The play itself was an enormous success.  Barry wrote the role of Tracy for Katharine Hepburn herself, to lure her back to the stage after the movie industry had labeled her "box office poison" from a series of previous flops.  Hepburn ended up not only starring in the play, but backing it as well.  Also, she acquired the film rights to the play for her "comeback" vehicle.  (Millionaire Howard Hughes actually bought her the rights as a gift.)  So when she sold the film rights to MGM, in was on the condition that she have power over choosing cast, director, producer, and screenwriter. 

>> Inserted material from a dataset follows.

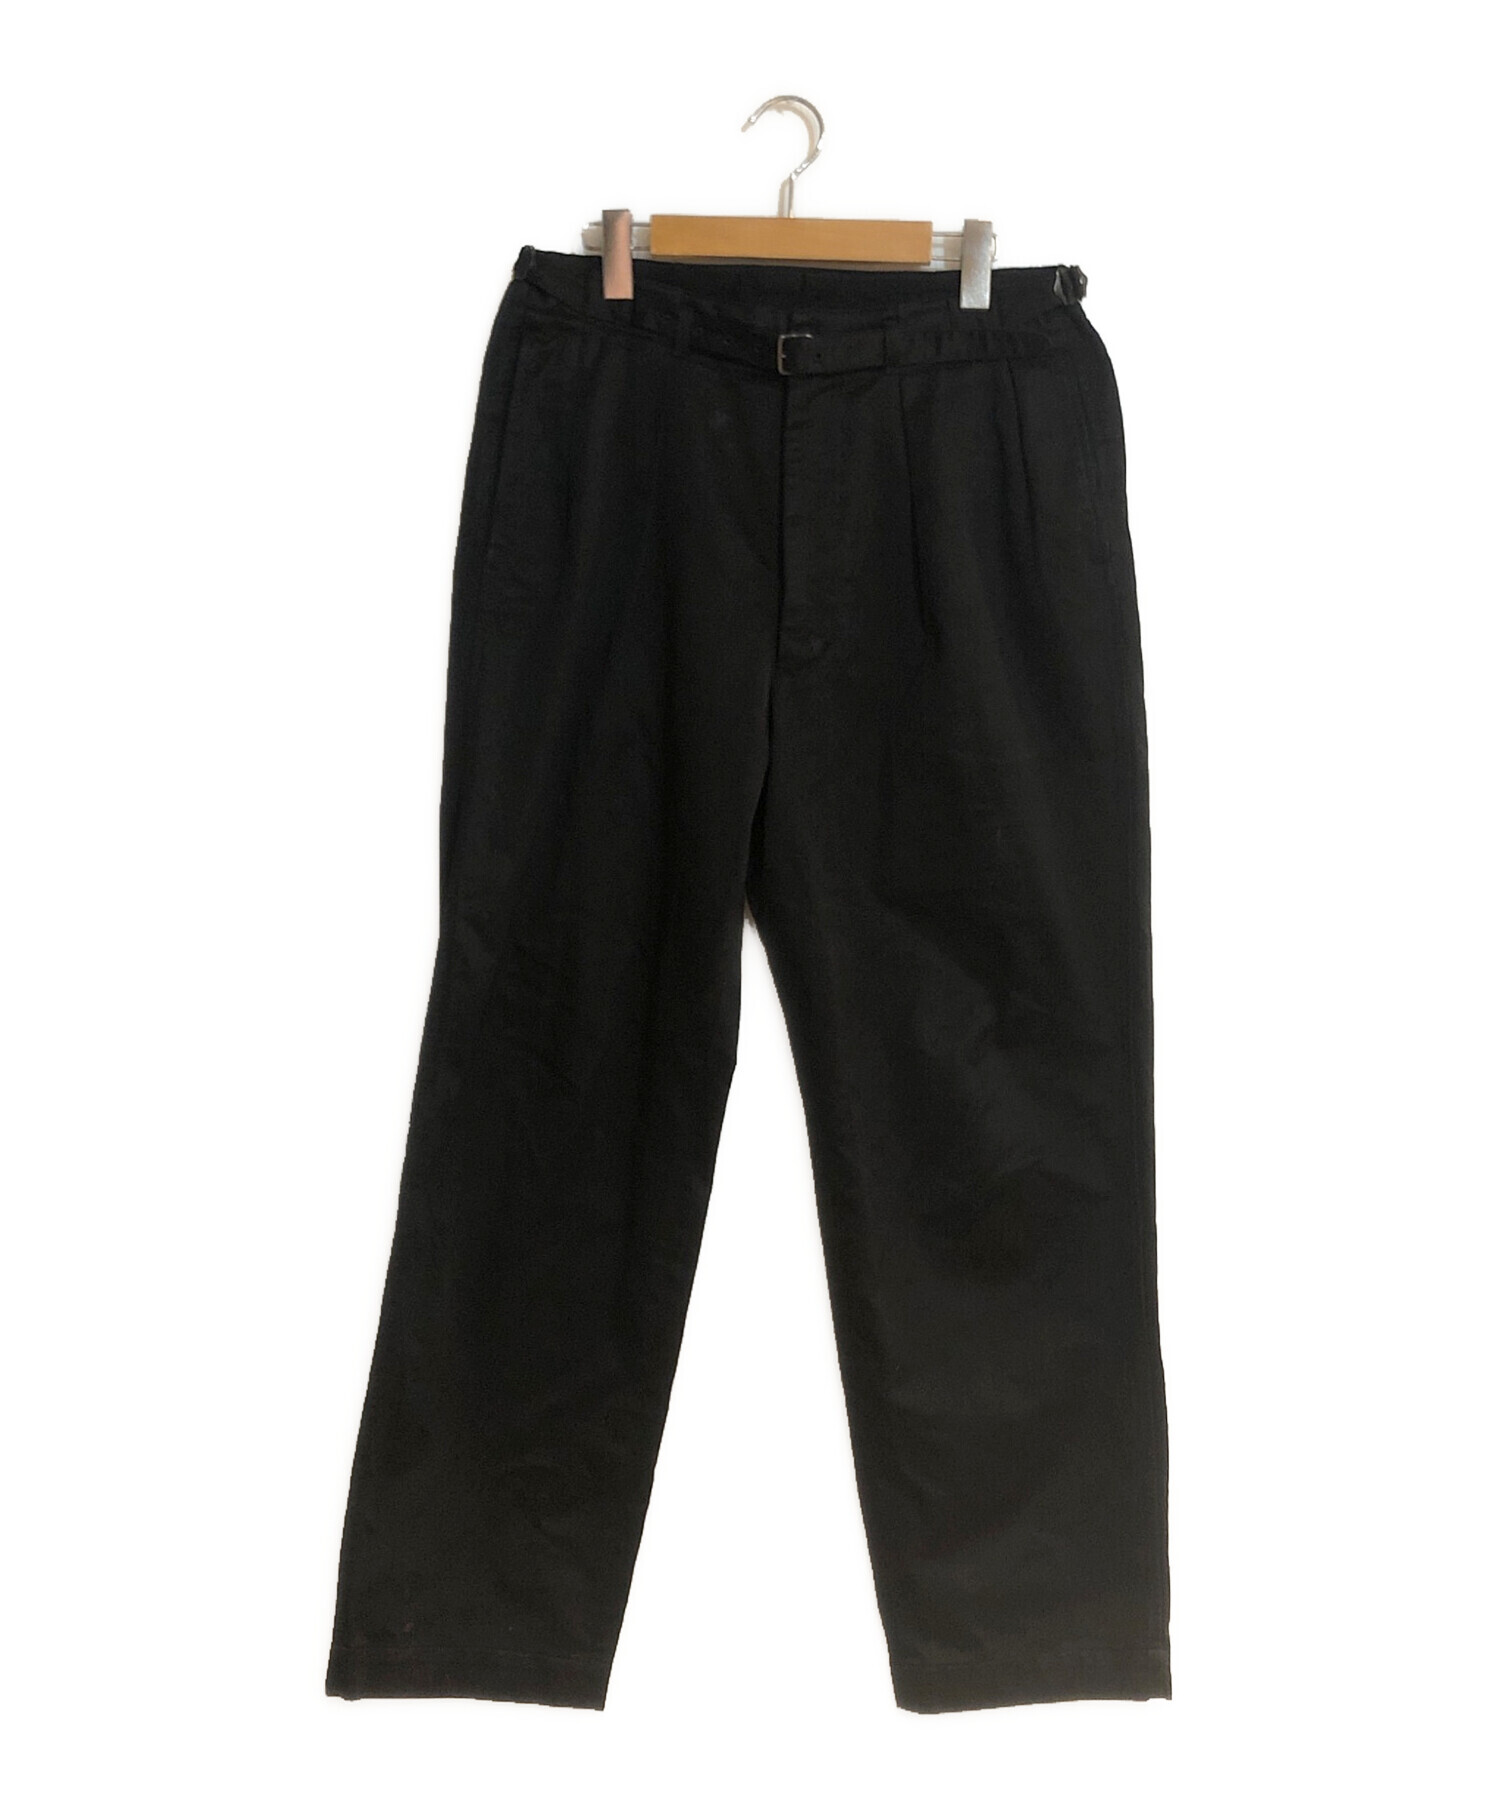 KAPTAIN SUNSHINE (キャプテンサンシャイン) Gurkha Trousers/グルカトラウザーズ ブラック サイズ:SIZE 32
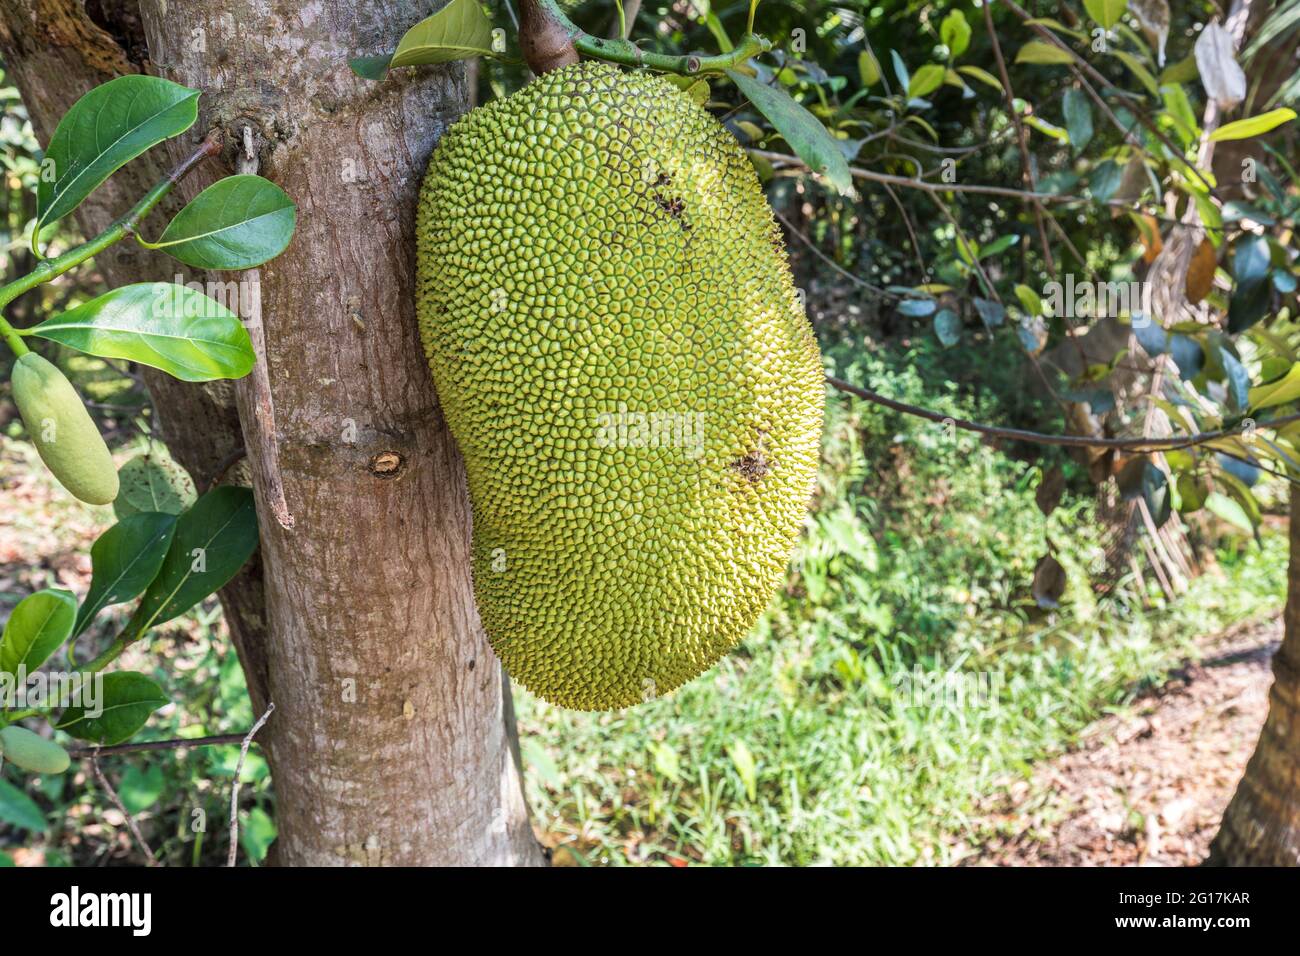 Jackfruit, Artocarpus heterophyllus, Moraceae family, Wat Bang Kung, Thailand Stock Photo

Her choice of director, George Cukor, was an easy one for her, because she had worked with him before.  However, her cast was not her first choice.  Originally, she asked for Clark Gable for C.K. Dexter Haven and Spencer Tracy for Macaulay Connor (whom she had not met yet, but thank goodness they eventually did).  Both actors were unable to star, so the parts went to Grant and Stewart instead.  Cary Grant actually had the choice of either male part, but wisely chose the less-flashy one.  He did however insist on top billing and $137,000 salary, huge for that time, but donated it all to the British War Relief Fund.

"The Philadelphia Story" is a lesson in perfection all around.  It only took 8 weeks to shoot the movie due to every scene only needing one take.  You can see the actors' dedication and skill (and chemistry) in one of the drunk scenes with Grant and Stewart.  Unbeknownst to Grant, Stewart decided to add some hiccups to his drunkenness and almost caught Grant off-guard.  But in the grace and class that was Grant, he adlibbed "Excuse me" in response to Stewart's hiccup, and only had to turn away slightly to stifle his laugh. 

James Stewart wasn't planning on going to the Academy Awards the year he won Best Actor for "The Philadelphia Story."  He himself had voted for Henry Fonda in "The Grapes of Wrath."  However, right before the event, he got a call from someone "advising" him to throw on some nice clothes and go anyway.  (This was before accounting firms were brought in to protect the outcomes.)  Feeling he never really deserved that Oscar, he claimed it must have been "deferred payment for my work on 'Mr. Smith Goes to Washington'."

So, get back to the classics this week with "The Philadelphia Story," an essential for anyone truly wanting to watch the best movies ever made.  Sure, the story might be a bit misogynistic in today's politically-correct standards, but thanks to the skill, grace, class and amazing talent of all involved, you shouldn't mind one bit. Enjoy!

(Post-tidbit:  The word "Philadelphia" is misspelled on Stewart's Oscar, which used to sit in the window of his father's hardware store in Indiana, Pennsylvania...on Philadelphia St.)